Li, Basen; Zhou, Lei; Xu, Anhui; Li, Qin; Xiang, Huihua; Huang, Yanrong; Peng, Ling; Xiang, Kun; Zhang, Mingfeng; Wang, Nan.
Afiliação
  • Li B; Department of Radiology, Tongji Hospital, Tongji Medical College, Huazhong University of Science and Technology, Wuhan, China.
  • Zhou L; Department of Radiology, People's Hospital of Chongqing Shizhu Tujia Autonomous Country, Chongqing, China.
  • Xu A; Department of Radiology, Tongji Hospital, Tongji Medical College, Huazhong University of Science and Technology, Wuhan, China.
  • Li Q; Department of Radiology, Tongji Hospital, Tongji Medical College, Huazhong University of Science and Technology, Wuhan, China.
  • Xiang H; Department of Radiology, Minda Hospital of Hubei Minzu University, Enshi, China.
  • Huang Y; Department of Radiology, Tongji Hospital, Tongji Medical College, Huazhong University of Science and Technology, Wuhan, China.
  • Peng L; Department of Radiology, Tongji Hospital, Tongji Medical College, Huazhong University of Science and Technology, Wuhan, China.
  • Xiang K; Department of Radiology, Tongji Hospital, Tongji Medical College, Huazhong University of Science and Technology, Wuhan, China.
  • Zhang M; Department of Radiology, Tongji Hospital, Tongji Medical College, Huazhong University of Science and Technology, Wuhan, China.
  • Wang N; Department of Radiology, Tongji Hospital, Tongji Medical College, Huazhong University of Science and Technology, Wuhan, China.
Curr Med Imaging ; 18(11): 1186-1194, 2022.
Article em En | MEDLINE | ID: mdl-35249499
ABSTRACT

BACKGROUND:

Prognostic evaluation for Hepatocellular Carcinoma (HCC) after Transcatheter Arterial Chemoembolization (TACE) using Drug-Eluting Beads (DEBs) is essential for guiding the personalized treatment and follow-up strategy. Apparent Diffusion Coefficient (ADC) has been reported as a biomarker in conventional TACE.

OBJECTIVE:

This study aimed to evaluate the diagnostic value of ADCbaseline, ADC change, and ADCratio in predicting the early objective response for HCC after DEB-TACE.

METHODS:

This prospective single-center study included 32 consecutive patients undergoing dynamic contrast-enhanced magnetic resonance imaging (MRI) and diffusion-weighted imaging before and 1 month after DEB-TACE. After DEB-TACE, patients were grouped based on the modified Response Evaluation Criteria in Solid Tumors (mRECIST) criteria into responders (complete response [CR], partial response [PR]) and nonresponders (stable disease [SD], progressive disease [PD]).
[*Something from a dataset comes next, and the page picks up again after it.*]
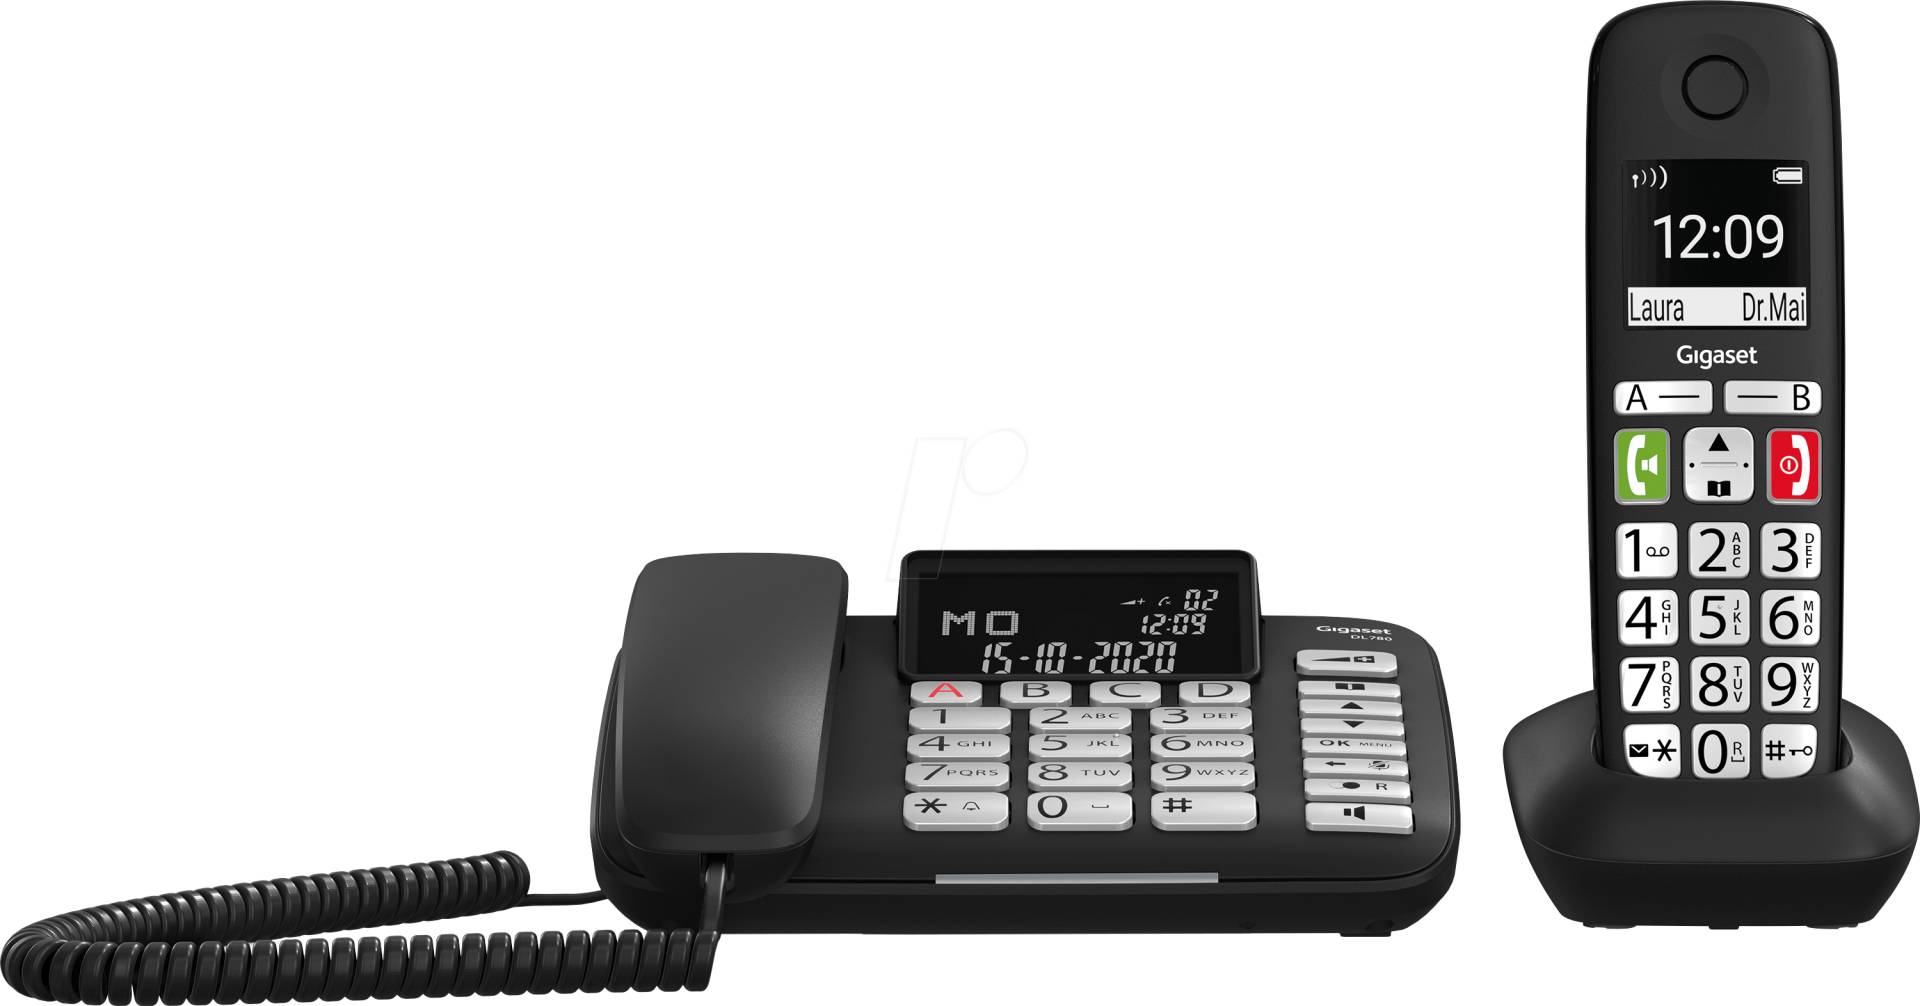 GIGASET DL780P - Telefon, Kombi Tischtelefon/DECT von GIGASET COMMUNICATIONS

The Mann- Whitney U test and receiver operating characteristic (ROC) curves were performed to assess the statistical differences in ADCbaseline, ADC change, and ADCratio between responders and nonresponders.

RESULTS:

At post-DEB-TACE follow-up MRI, 62.5% (n = 20, 11 CRs, and 9 PRs) of patients showed objective response, and 37.5% (n = 12, 7 SDs, and 5 PDs) did not respond to chemoembolization. Nonresponders had a significantly higher ADCbaseline value than responders (p < 0.001). The ROC for identifying the response to chemoembolization demonstrated that the threshold ADCbaseline value of 0.920 × 10-3 mm2/s had 100% sensitivity and 70% specificity. The ADC change and ADCratio of responders were higher than that of nonresponders (p < 0.001).

CONCLUSION:

ADCbaseline, ADC change, and ADCratio may be utilized as a noninvasive biomarker for predicting the early response of HCC to DEB-TACE.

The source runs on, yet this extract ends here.